In this tutorial we will put together a script that will chart the top 100 wallets by balance for any Jetton in the TON blockchain!
In the next tutorial we will take these top 100 wallets and find transactions among them, thus highlighting the clusters.
The script will be in python, the data will be taken from the dton.io indexer. We will focus on obtaining data.
The result will be a Google Colab that you can use in your research.
How to collect data from the TON blockchain?
Dton.io is a blockchain indexer, which means it collects information from each new block into its database. You can make GraphQL queries into this database and thus collect historical information without parsing the entire blockchain.
The two most important sources of dton.io data are the transaction table and a view of the latest state of wallets/accounts on the network. Make queries in this view and table, you can collect almost any information.
In this tutorial, the states of the wallets will be useful to us; based on the state, we will determine whether there are tokens
Install dependencies
As we know, GraphQL requests are sent in the body of an HTTP POST request, so let’s install requests and other necessary dependencies:
# install requriments
!pip install requests
!pip install matplotlib
import requests
import string
from collections import Counter
import string
import json
Let us also denote the endpoint dton.io:
endpoint = 'https://dton.io/graphql/'
Get the contract type and information about the token.
For our script to work, we need a master contract of a fungible token for TON. We will discuss what this is below. But since I want to make Colab easy to use, I first need to learn how to check that the entered address is exactly what is needed.
There are many options for this, you can, for example, take all the information from the network - take the low-level code of the contract and compare it with the requirements of the fungible token standard, but there are simpler options.
The simplest option, where with one request we can check what kind of contract it is by address and immediately get information about the token, is the option to make a request in toncenter - this is the HTTP API for The Open Network. Toncenter has /getTokenData for this:
#Note api has limits
API_ENDPOINT = 'https://toncenter.com/api/v2'
payload = {'address': master_addr}
r = requests.get(API_ENDPOINT+'/getTokenData', params=payload)
#print api response
print(json.dumps(r.json(), indent=2))
# Token supply
total_supply = r.json()['result']["total_supply"]
# Token name for our future diagram
token_name = r.json()['result']["jetton_content"]["data"]["name"]
In the resulting result, from the “contract_type” field you can understand what type of smart contract it is (if such a type is supported by the service).
Constructing a request in dton.io
Now we know for sure that the address entered by the user is the address of the master contract, it’s time to talk about the standard of fungible tokens.
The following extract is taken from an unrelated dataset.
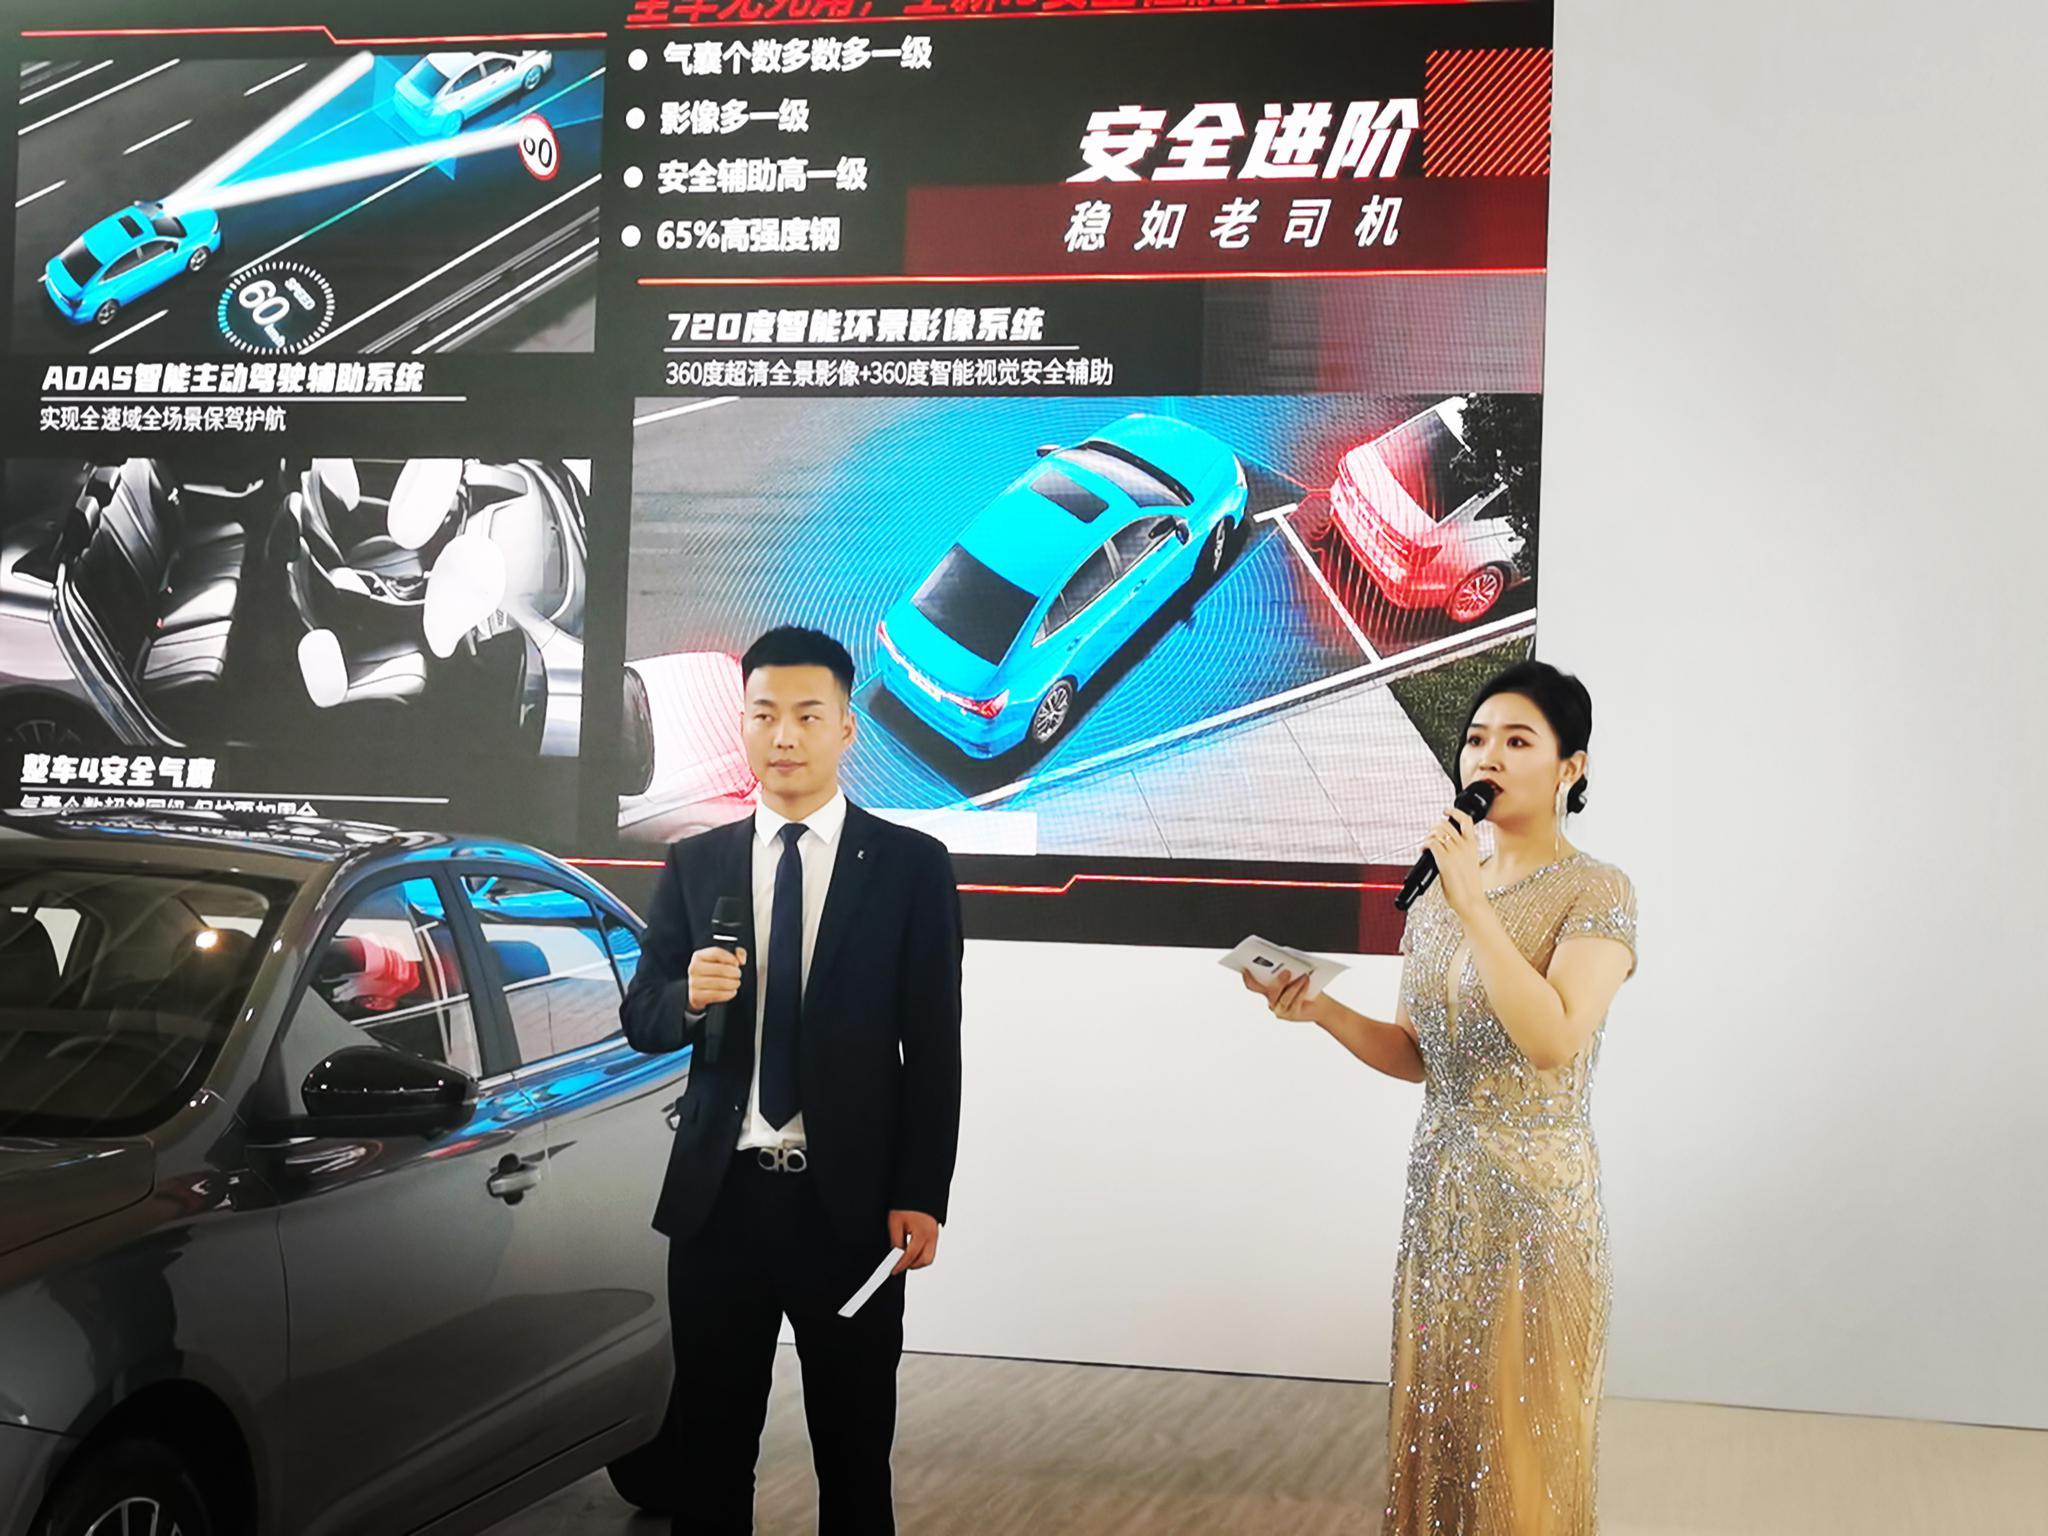 匠心智造,全景守护,全新荣威i5东北区正式上市、5.99万元起售!
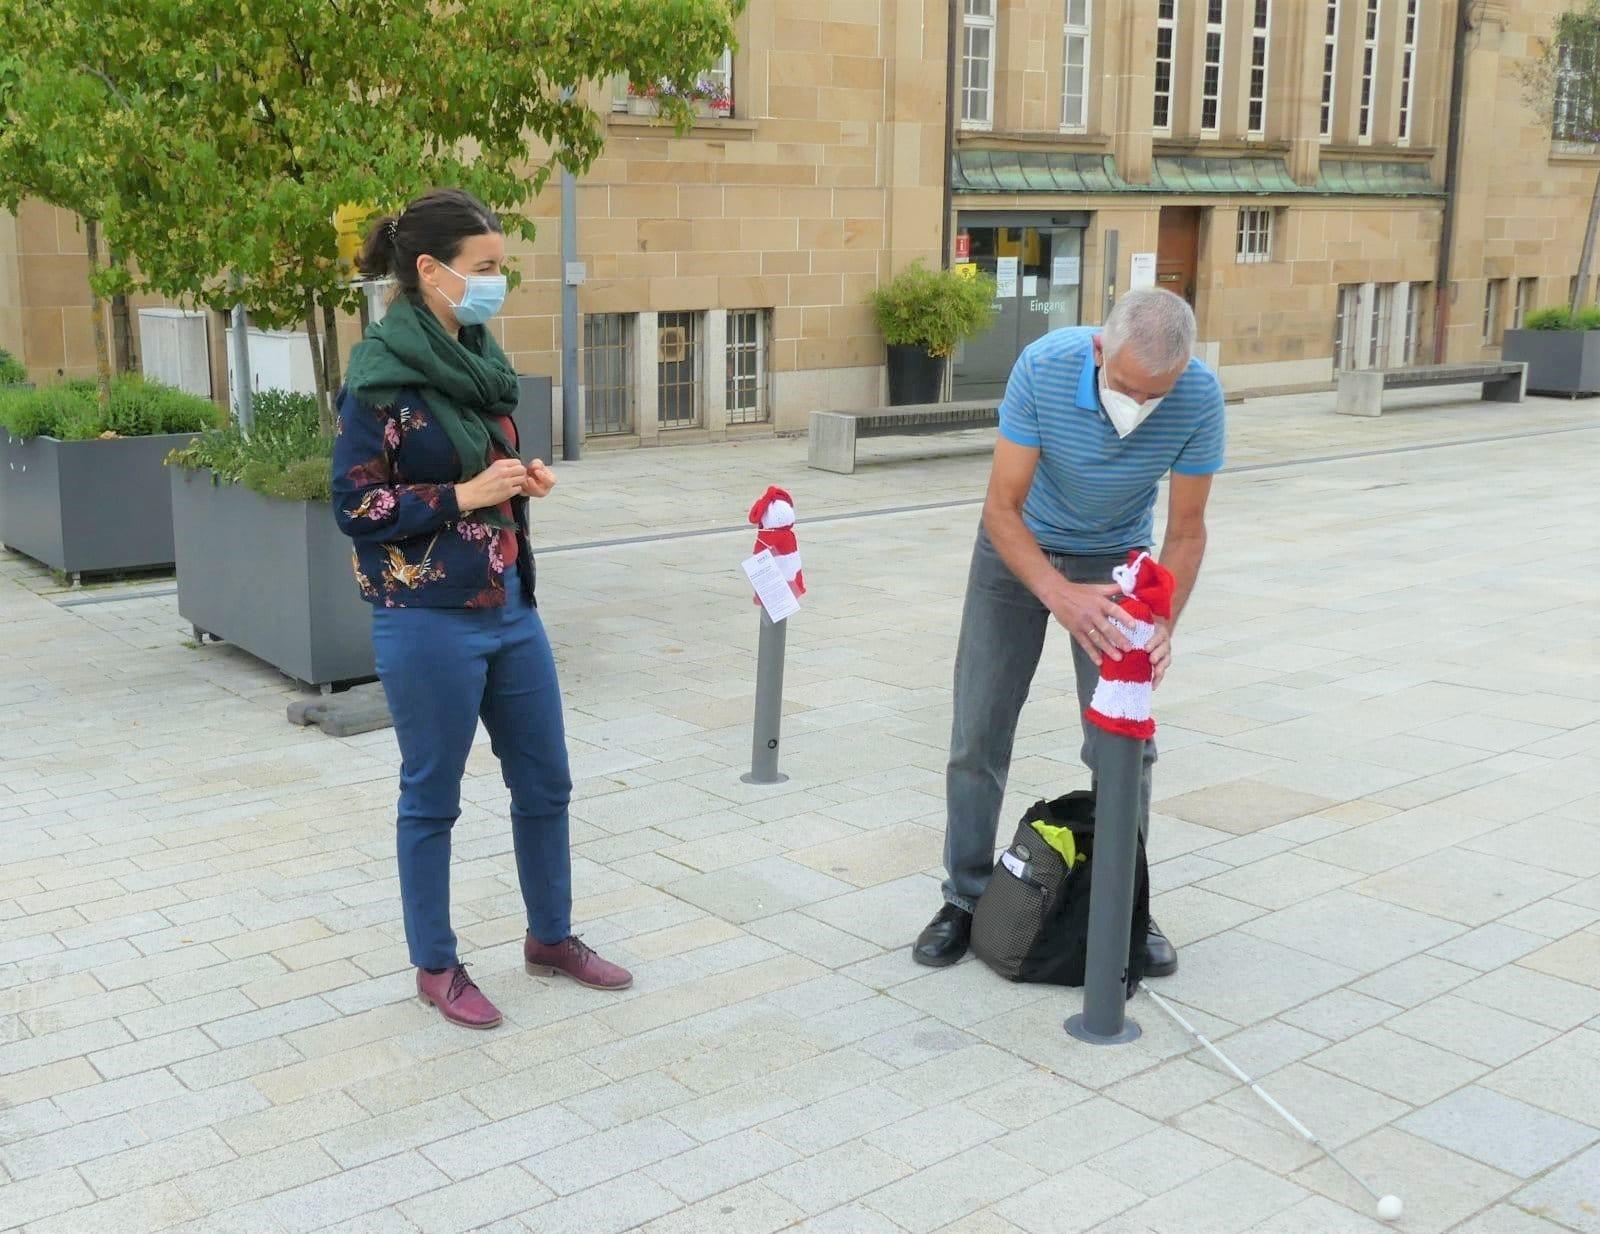 Anselm Schmid zieht einem Poller am Rathausplatz ein rot-weißes Mützchen über: Oberbürgermeisterin Dorothee Eisenlohr schaut zu. Fotos: him

In the TON blockchain there is no single smart contract that stores a list of addresses of the owning tokens and their balances. Instead, sharding of smart contracts is used - there is a master contract that stores information about the token and contract wallets - for each owner of the token, one is created.
We will not dwell in detail on the sharding of tokens in TON in this article; if you are interested in this, I offer you an analysis of smart contracts of the standard - ENG LINK.
Since the use of a smart contract requires “payment for the work” of TVM in gas (part of the TON for any transaction goes as a commission), this makes such a standard extremely economical - there is no need to search in a huge list of addresses.
But if there are pros, then there are also cons.
The problem of smart contract sharding from the point of view of data collection
Sharding saves gas, but there is no list of owners - then how to get all the addresses of the token owners? The only option is to run through all the blocks and find the addresses we need. But fortunately, there are blockchain indexers that allow us to get the addresses we need with a couple of queries.
In the dton.io we already mentioned, there is a representation of the latest state of wallets/accounts on the network. Accordingly, we need to add restrictions to the request of this view that will allow us to display the top 100 wallets.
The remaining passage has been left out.